Exercise goal
Please return the listing below exactly, without any of its pictures.

Given material
##############################

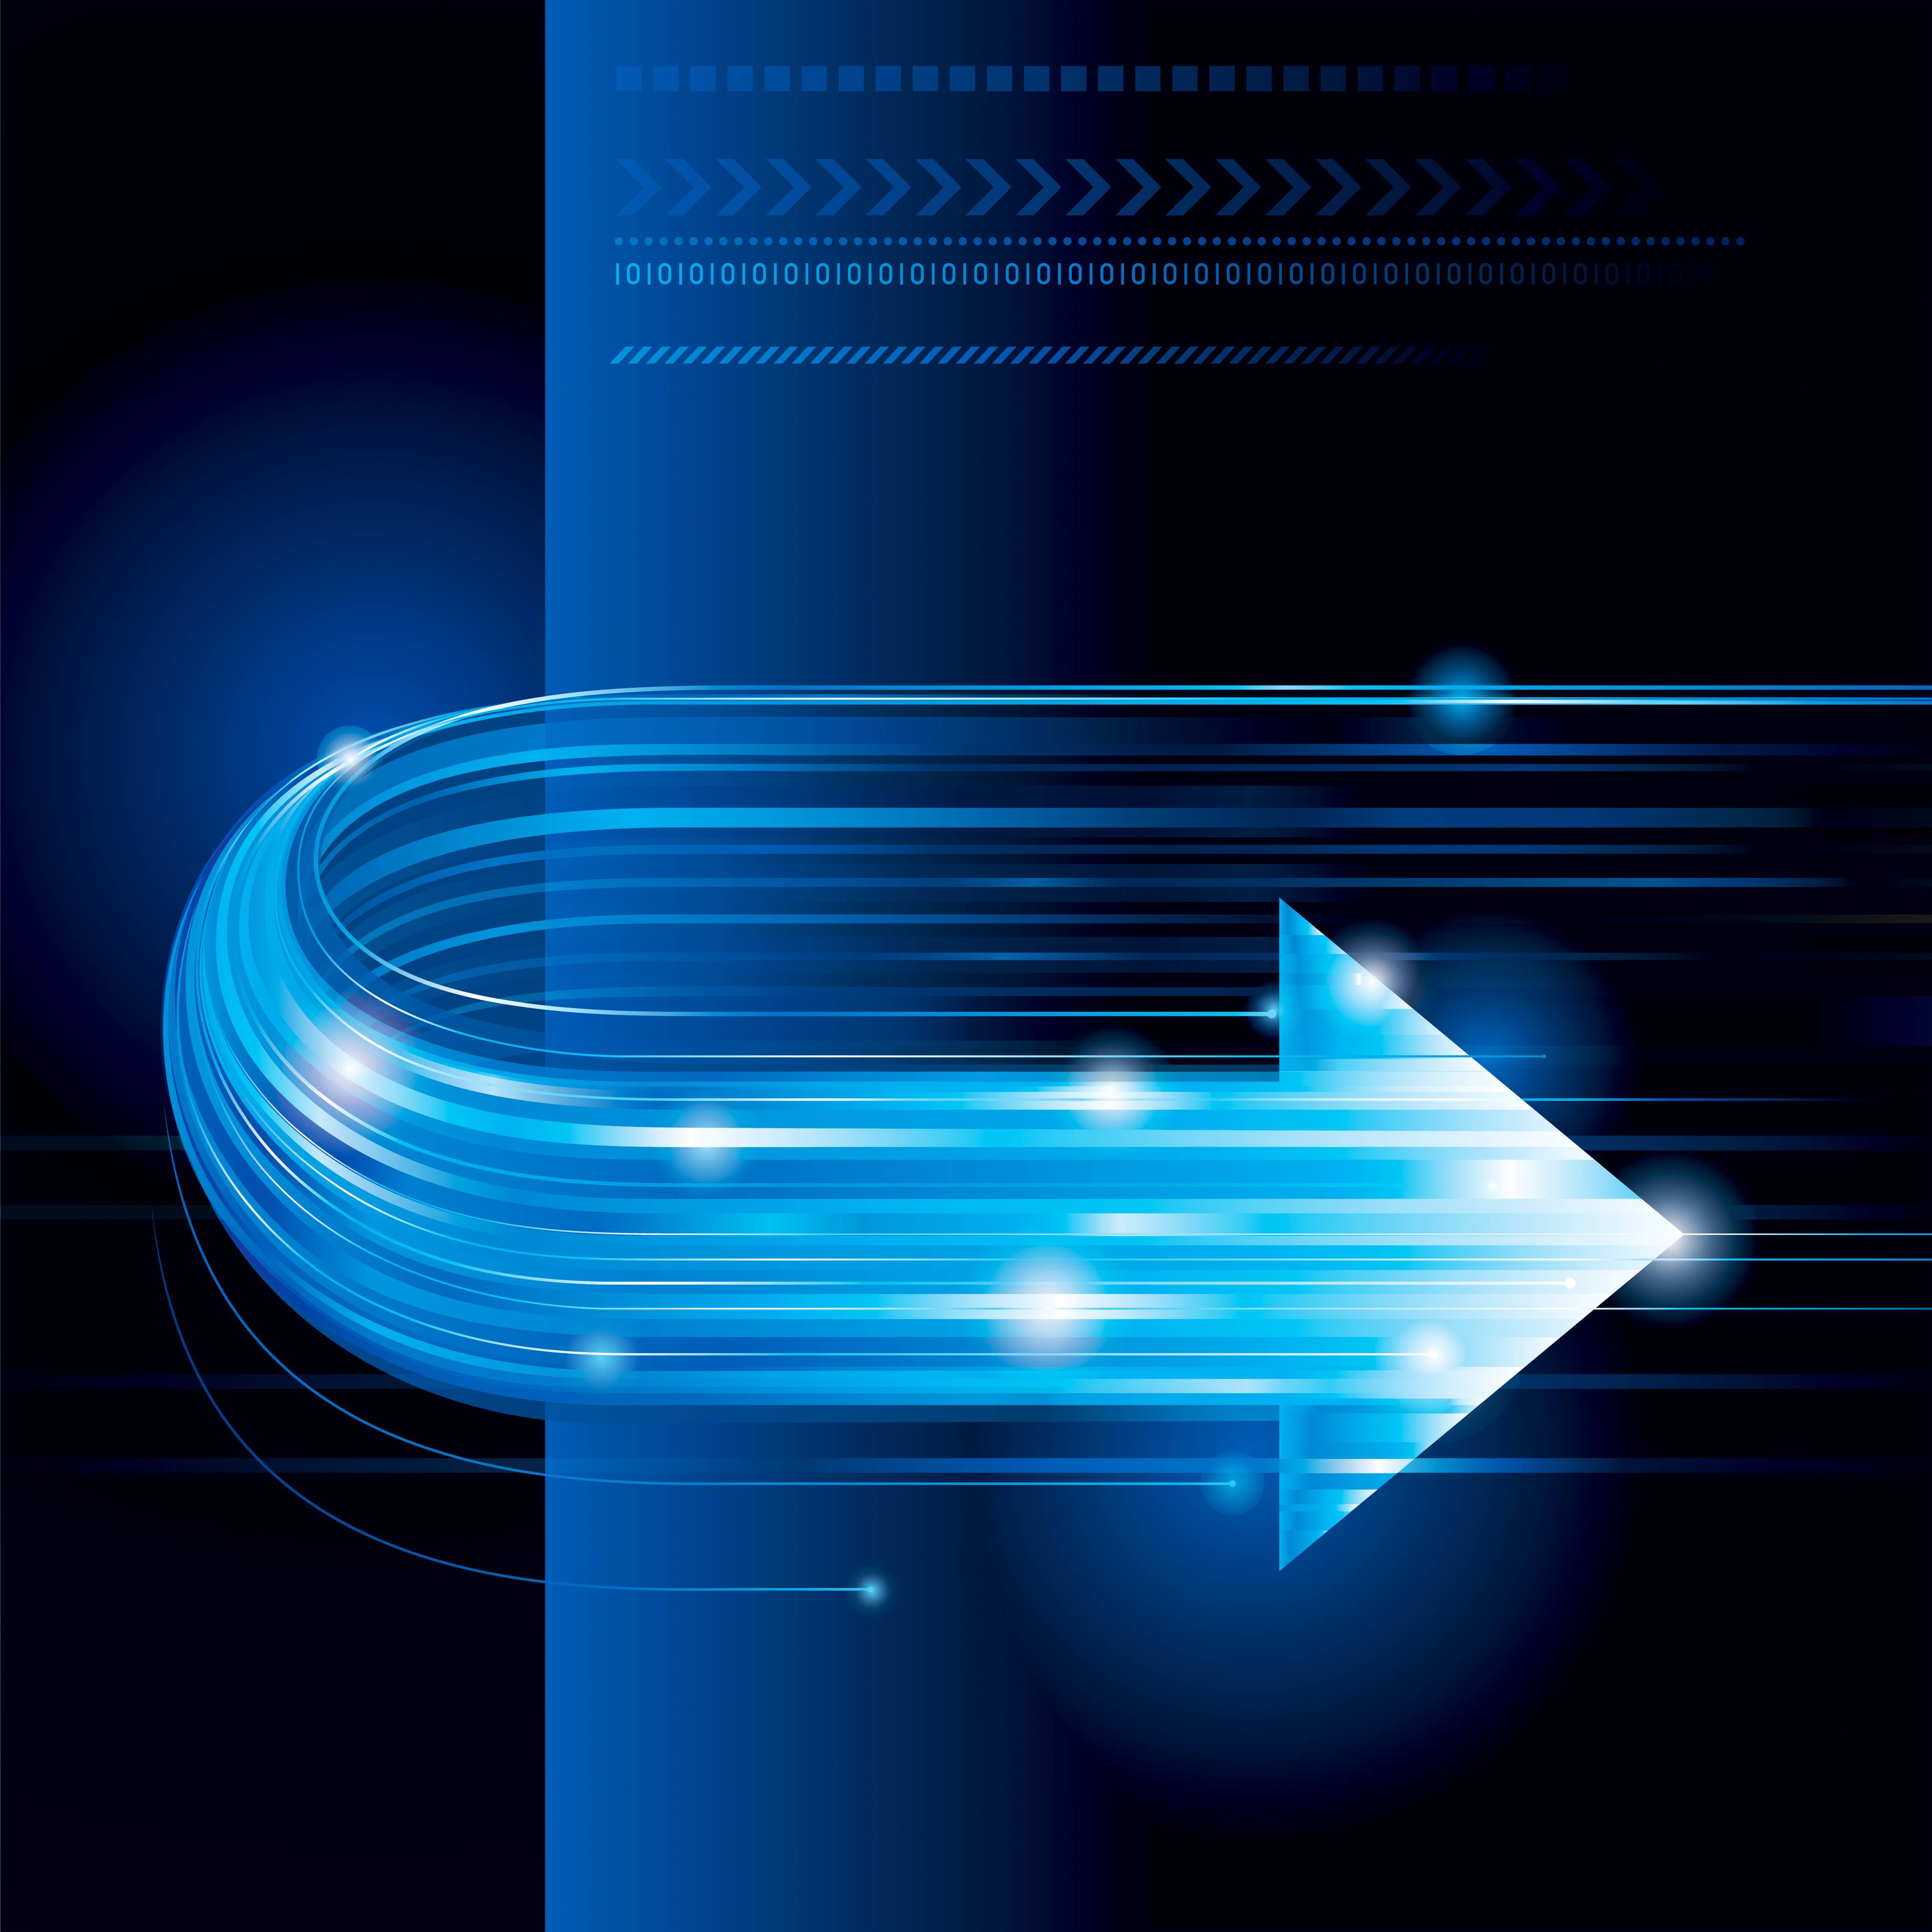 Abstract technology background with arrow shape
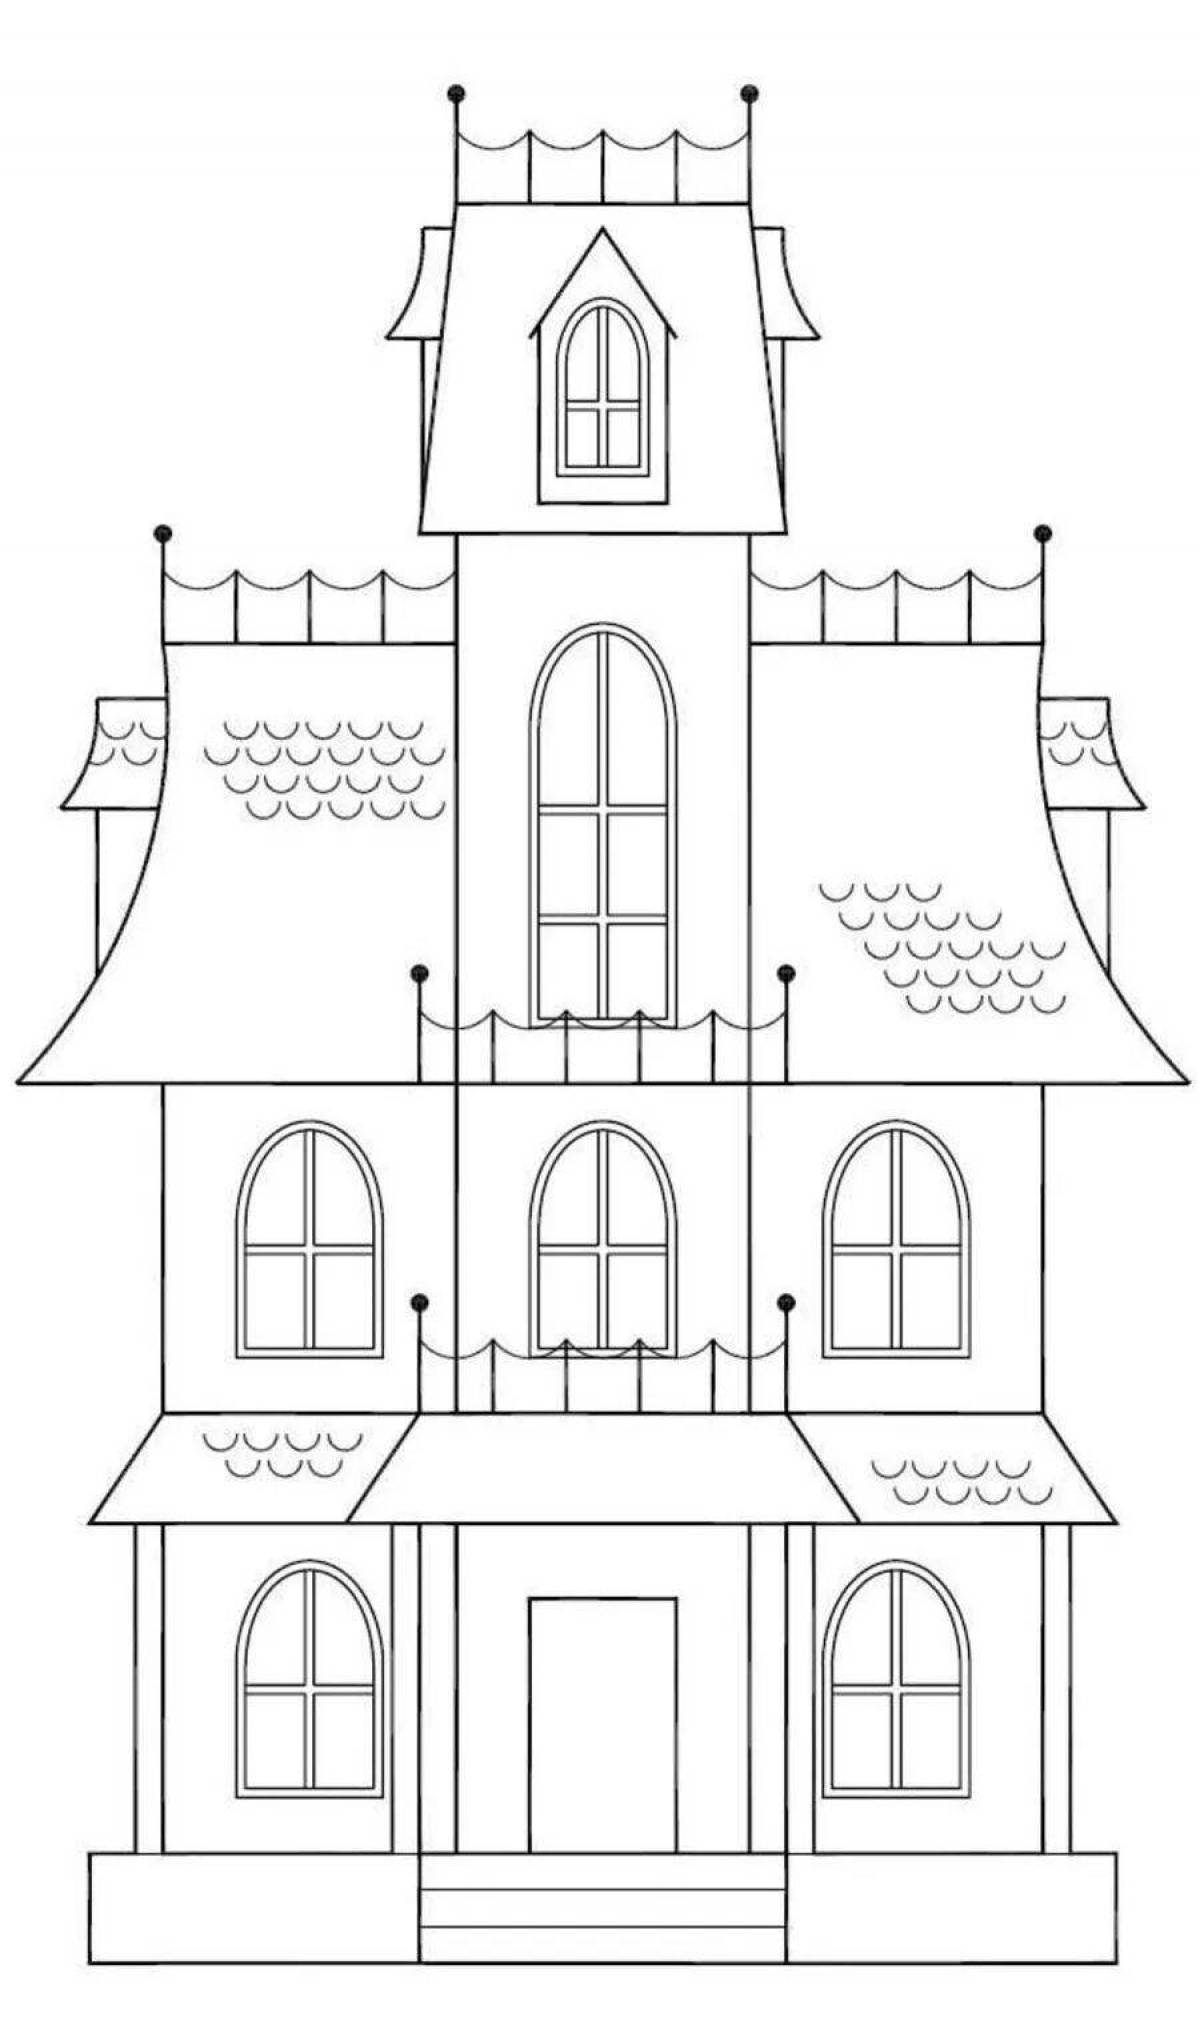 Cute paper house coloring page
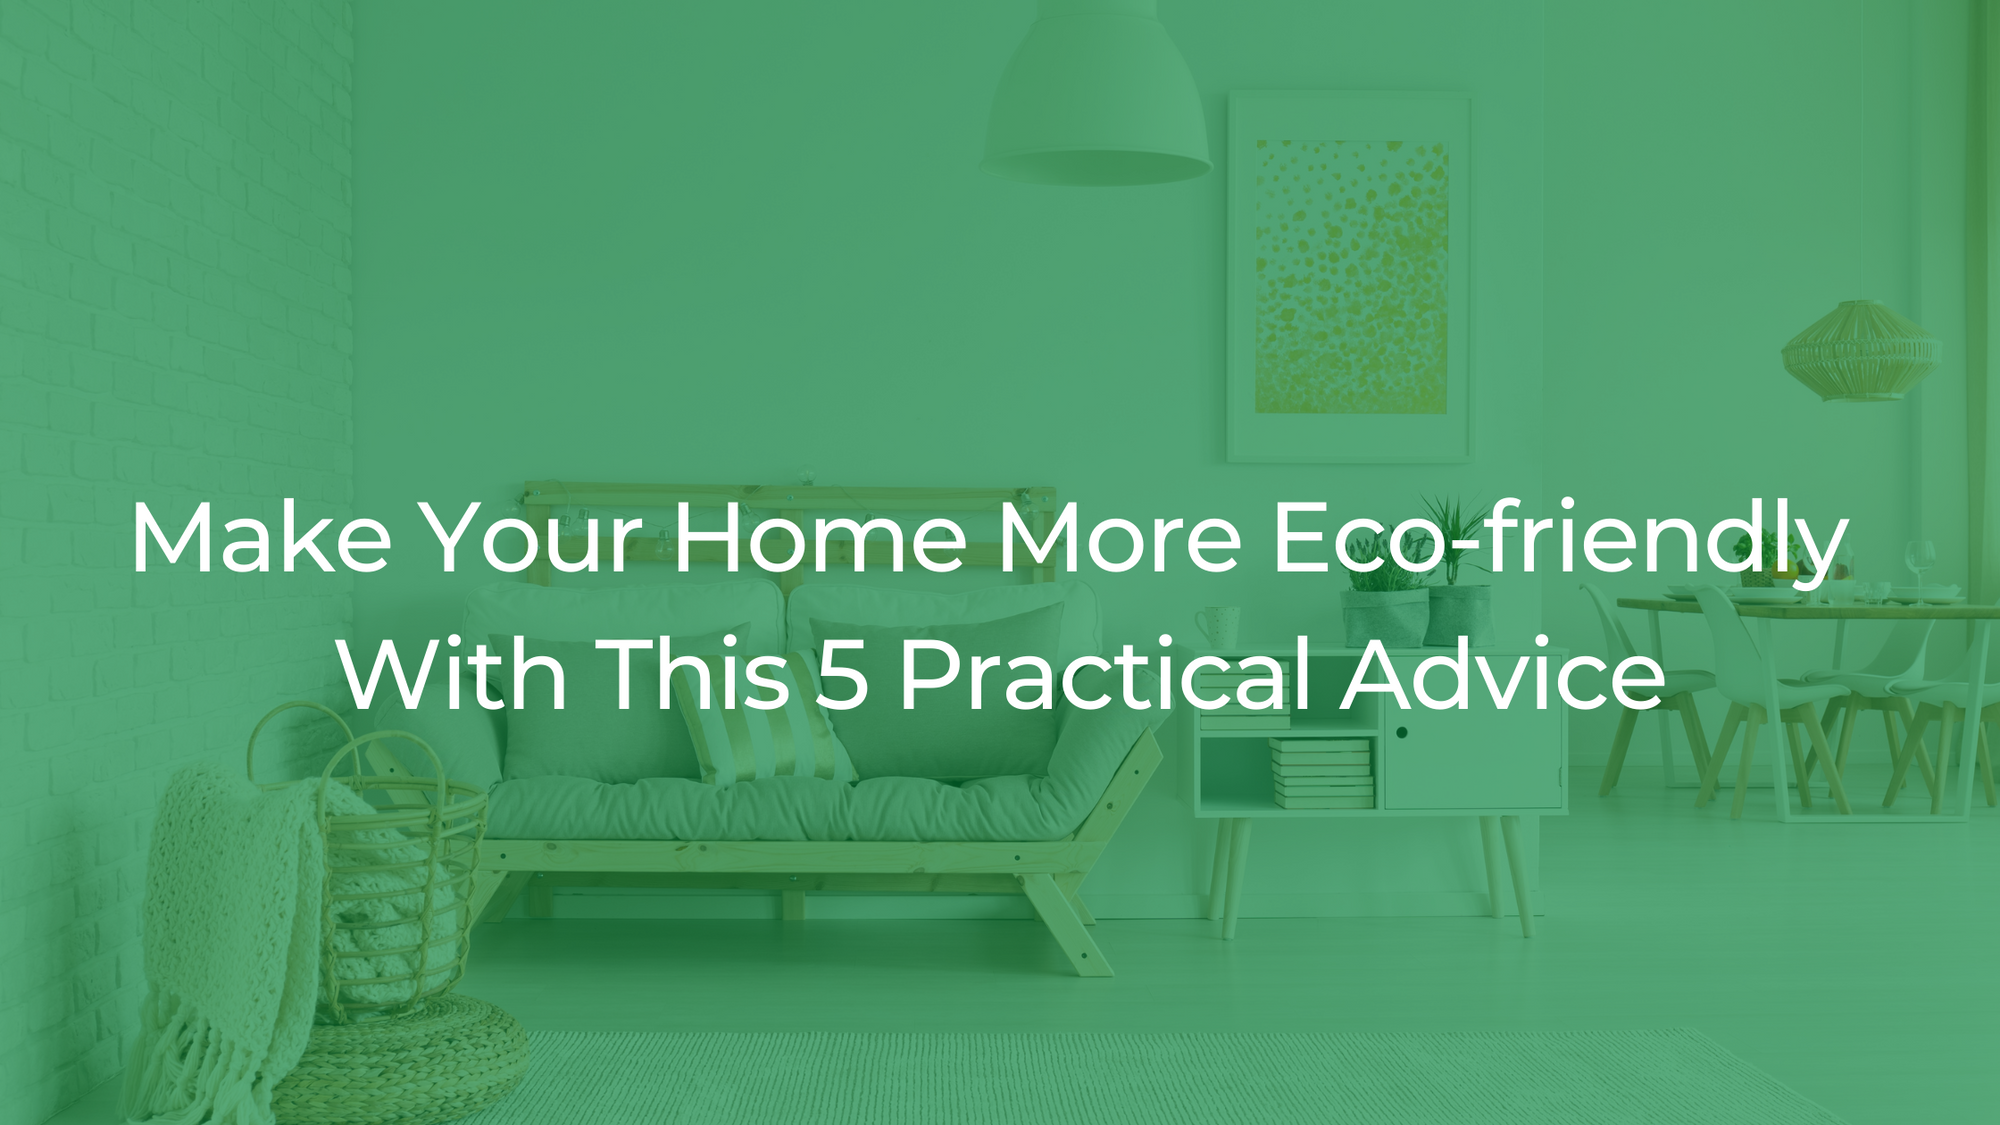 Make Your Home More Eco-friendly With This 5 Practical Advice

##############################

Solution
 Abstract technology background with arrow shape
 Cute paper house coloring page
 Make Your Home More Eco-friendly With This 5 Practical Advice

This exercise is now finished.